Interestingly that issue seems to go away if I make the following replacement

-     * -> skip bytes &eod;
+     * -> : skip bytes &eod;

I am not even sure what code we generate for the original default case.

[awelzel]

Interestingly that issue seems to go away if I make the following replacement

Hmm, not here. Also continues to crash when using xs: bytes &eod instead (the --increment 11 is important, maybe you left that off?)

[bbannier]

Hmm, not here. Also continues to crash when using xs: bytes &eod instead (the --increment 11 is important, maybe you left that off?)

You are right, I must have messed something up.

The issue here seems to be between parsing some sized bytes which are bigger than an outside &size constraint. A reduced reproducer seems to be

module Test;

type Message = unit {
    : uint8;
    : (bytes &size=2) &size=1; # Same behavior if parsing list of parser in (..).
};

public type Messages = unit {
    # Need to parse at least two to break.
    : Message;
    : Message;
};

The actual failure is covered by a failing assertion which is only checked in debug mode.
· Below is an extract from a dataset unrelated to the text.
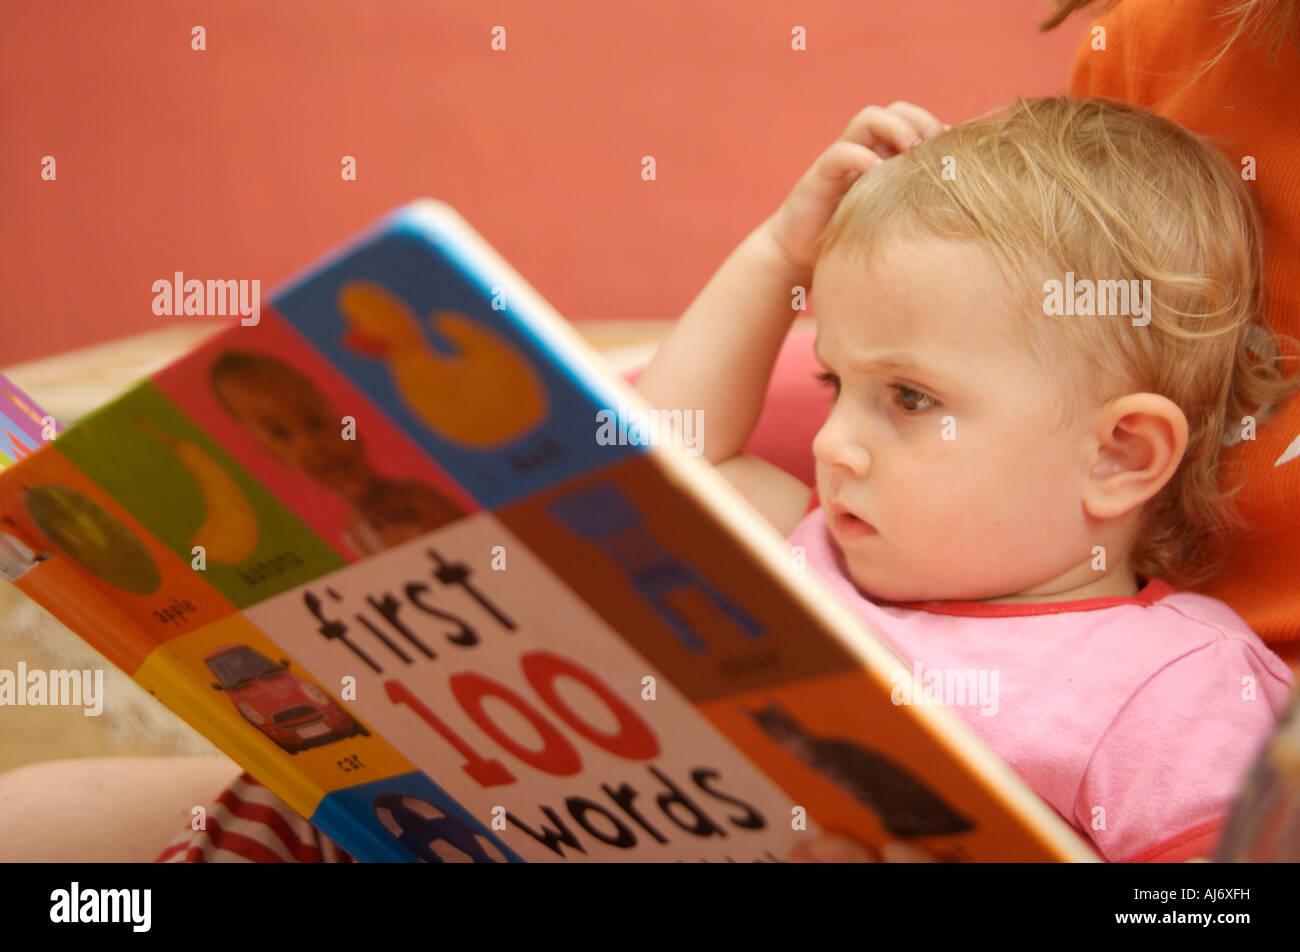 Children learn first kalma pics

$ spicy-driver test.spicy -d -f /dev/zero
Assertion failed: (chain->inRange(p.offset())), function extract, file stream.h, line 1464.
[5]    2982 abort      spicy-driver test.spicy -d -f /dev/zero

Marking as regression since this regressed with #1647 which was also backported to v1.10.0.